The lines below, from the one containing "хотите поступить автоледи" through the one containing "Der Rennkalender der", should be set down exactly, with no pictures and nothing else.

Available data ->

+ + + + + + +

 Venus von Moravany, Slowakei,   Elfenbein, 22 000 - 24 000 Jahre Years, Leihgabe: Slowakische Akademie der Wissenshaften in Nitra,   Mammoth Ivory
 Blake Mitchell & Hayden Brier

+ + + + + + +

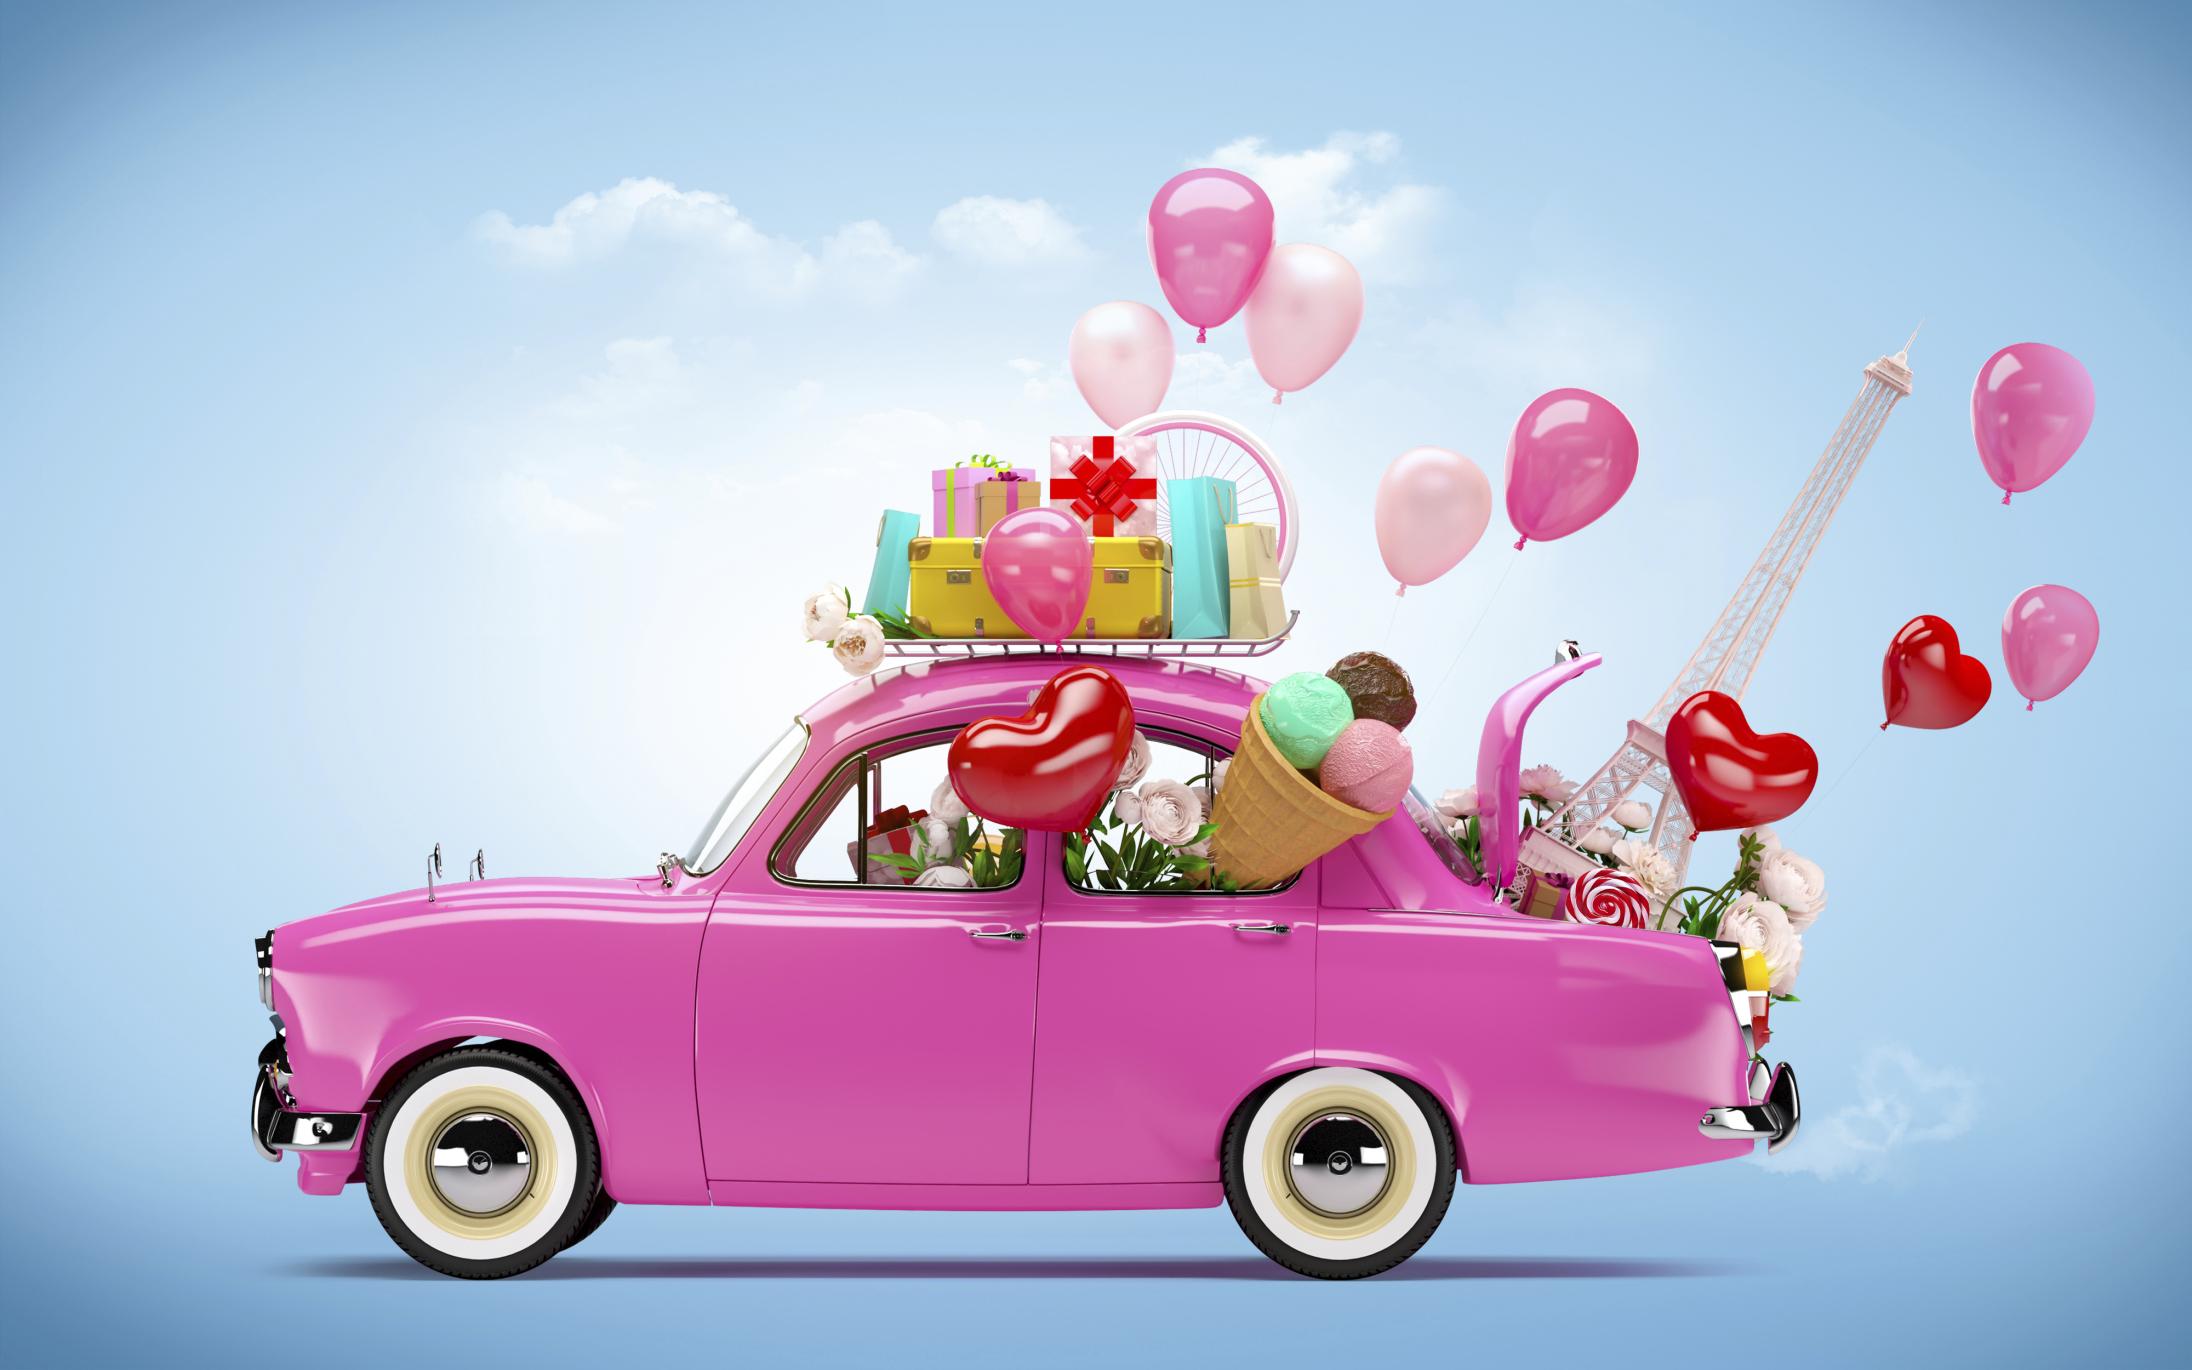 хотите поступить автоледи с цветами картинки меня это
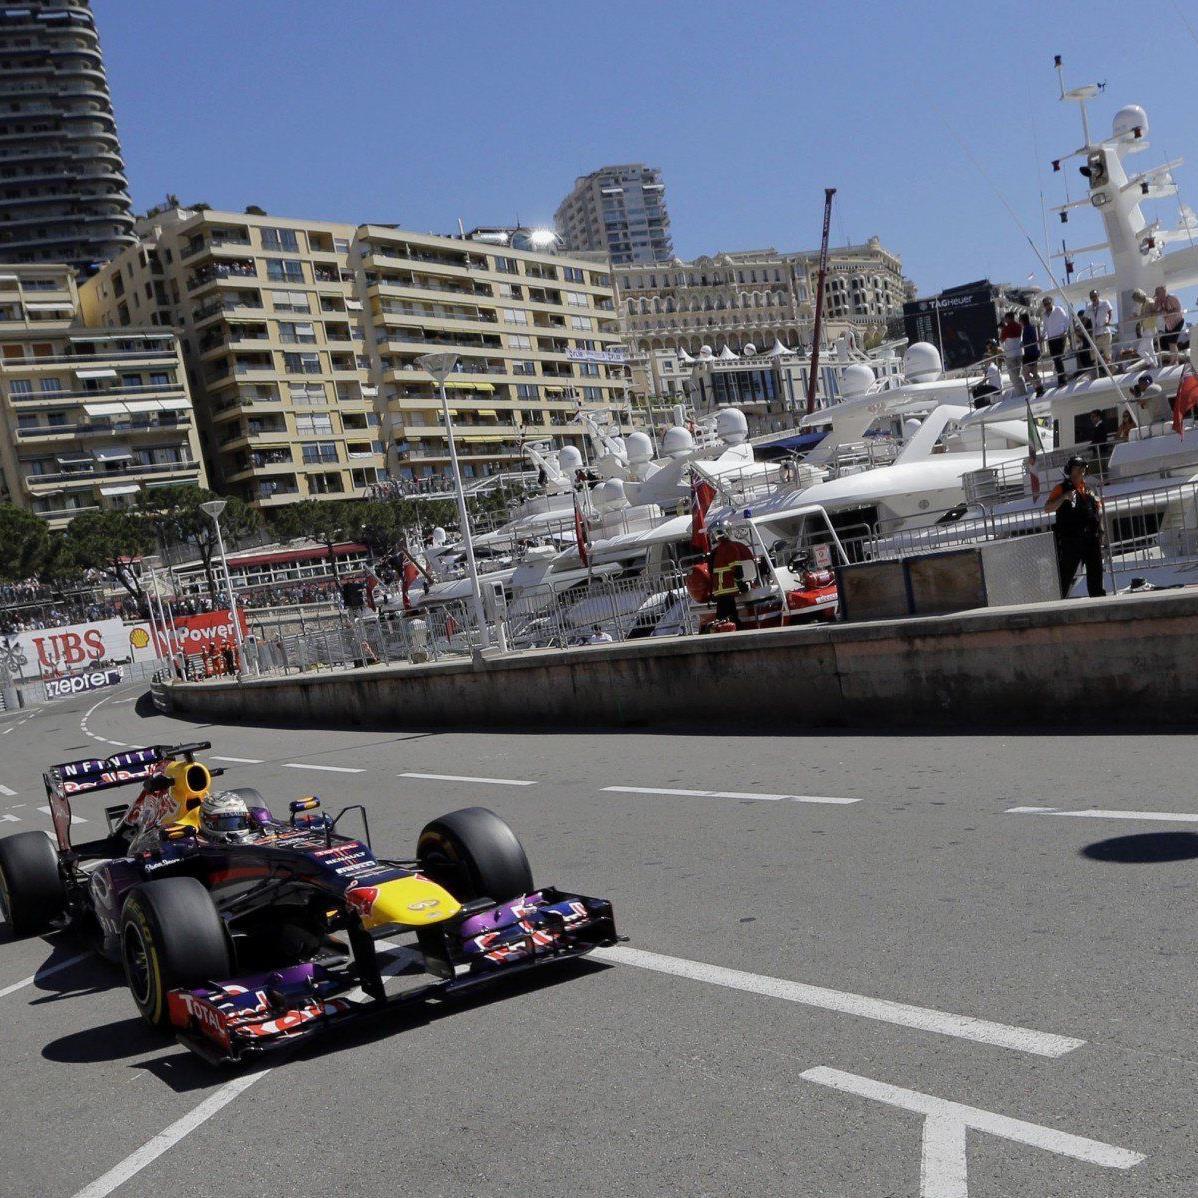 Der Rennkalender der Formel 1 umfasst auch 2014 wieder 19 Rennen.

+ + + + + + +

Response to this exercise ->
 хотите поступить автоледи с цветами картинки меня это
 Der Rennkalender der Formel 1 umfasst auch 2014 wieder 19 Rennen.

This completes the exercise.